Bit of a waste but quite easy

The later batteries are more "S" in each module - but I don't how many

If you get a complete battery there is a lot of other good stuff you can use


----------



## kennybobby (Aug 10, 2012)

The seller indicates he has over 500 of these modules and they are located in Canada, so many are available and shipping is more convenient. Back in july 2012 there was this press release about converting the Canadian busses from cylindrical to prismatic cells, and making retrofit in the field. That may be the source of these cells, and they may be 6 years old. The price seems okay and it might be smart to buy just one in order to test capacity before spending too much for weak or worn out cells.

Pro: Location
Con: possibly weak or worn out cells

edit: noticed these are the ANR26650M1A, here is a test of the M1B:
http://lygte-info.dk/review/batteries2012/A123%2026650%202500mAh%20(Green)%20UK.html


Press Release
=====================
A123 Systems, a developer and manufacturer of advanced Nanophosphate lithium ion phosphate batteries and systems, signed an agreement to supply lithium ion battery packs based on the company's prismatic cells to BAE Systems for its HybriDrive Series propulsion system.
The new design is initially expected to be deployed on city transit buses, and, as part of the new agreement, A123 will also supply lithium ion battery packs for additional versions of BAE's HybriDrive system for other commercial applications.

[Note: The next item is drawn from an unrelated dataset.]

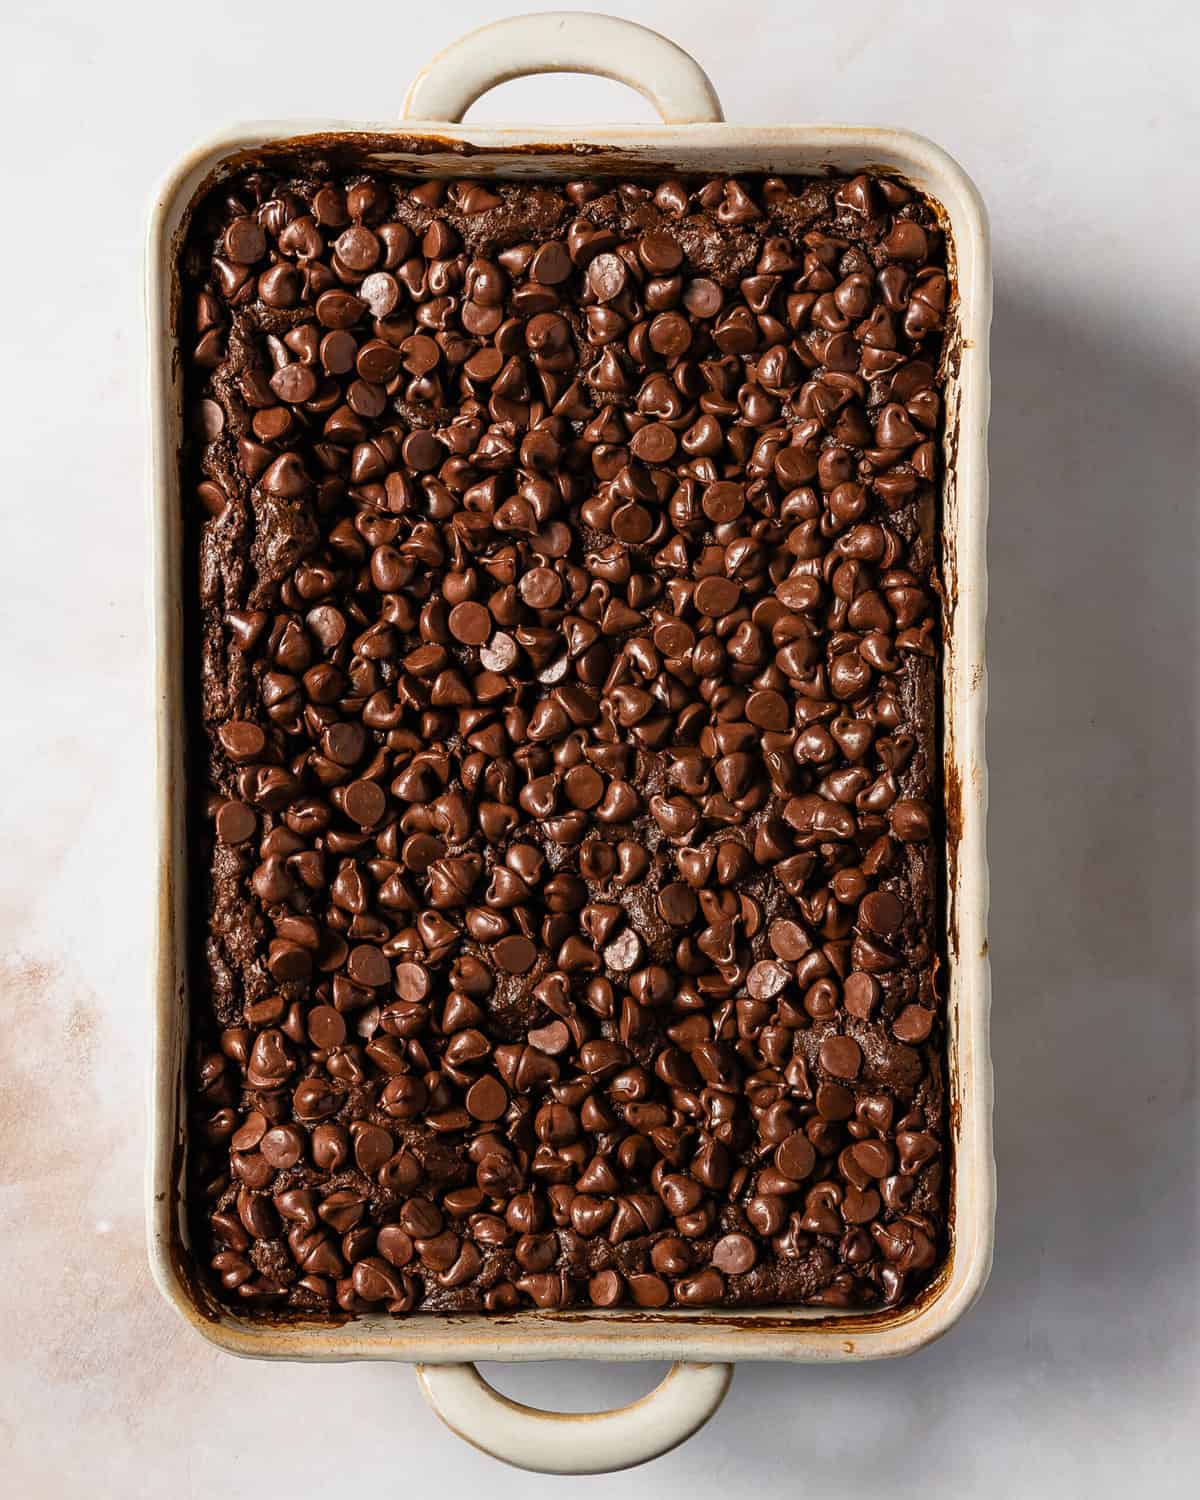 Chocolate dump cake is a quick, easy to make and rich chocolate dessert. This chocolate dump cake recipe is made from moist chocolate cake mix, creamy chocolate pudding and sweet chocolate chips. Top this decadent chocolate pudding dump cake with cold vanilla ice cream for the perfect dessert.

A123's battery packs are currently deployed in BAE HybriDrive systems on nearly 3,000 buses globally that have amassed more than 300 million service miles to date. The current HybriDrive system utilizes battery packs based on A123's cylindrical cells, but under the new agreement, A123 will deliver packs featuring the company's prismatic cells to satisfy BAE's requirements for a more compact and economical solution. The agreement also formalizes the terms of a previously announced customer warranty campaign through which A123 and BAE Systems are sharing in a program to retrofit and upgrade battery packs on hybrid busses in the field.
================


----------



## puddleglum (Oct 22, 2008)

Thanks kennybobby. That's good info. I can see if the seller knows the age of the packs. He doesn't test capacity but offers to replace any test are really bad. I only expect them to be around 80%. They would need to be reconfigured as well but look easier to cut apart. Thy should have welded tabs like 18650 cells.


----------



## kennybobby (Aug 10, 2012)

May not be easy to separate cells--probably want to use the entire module as is

https://secondlifestorage.com/t-anyone-have-specs-on-bae-model-235c9387g1-bms?pid=32876#pid32876


----------



## puddleglum (Oct 22, 2008)

Once again, good info. Thanks. It sounds like that fellow completely disassembled the pack. I wouldn't need to do that but I would need to take four cell strings off to make them work. To use them as is would be farther off than the volt cells. 3 modules in series would be 120v fully charged and 2 is only 80v. The blocks are 12s8p, so 36s for three. 32s would be perfect at 106.5v charged. The other 4 cell strings could possibly be used for the 12v system. Still, it might be more difficult than I think.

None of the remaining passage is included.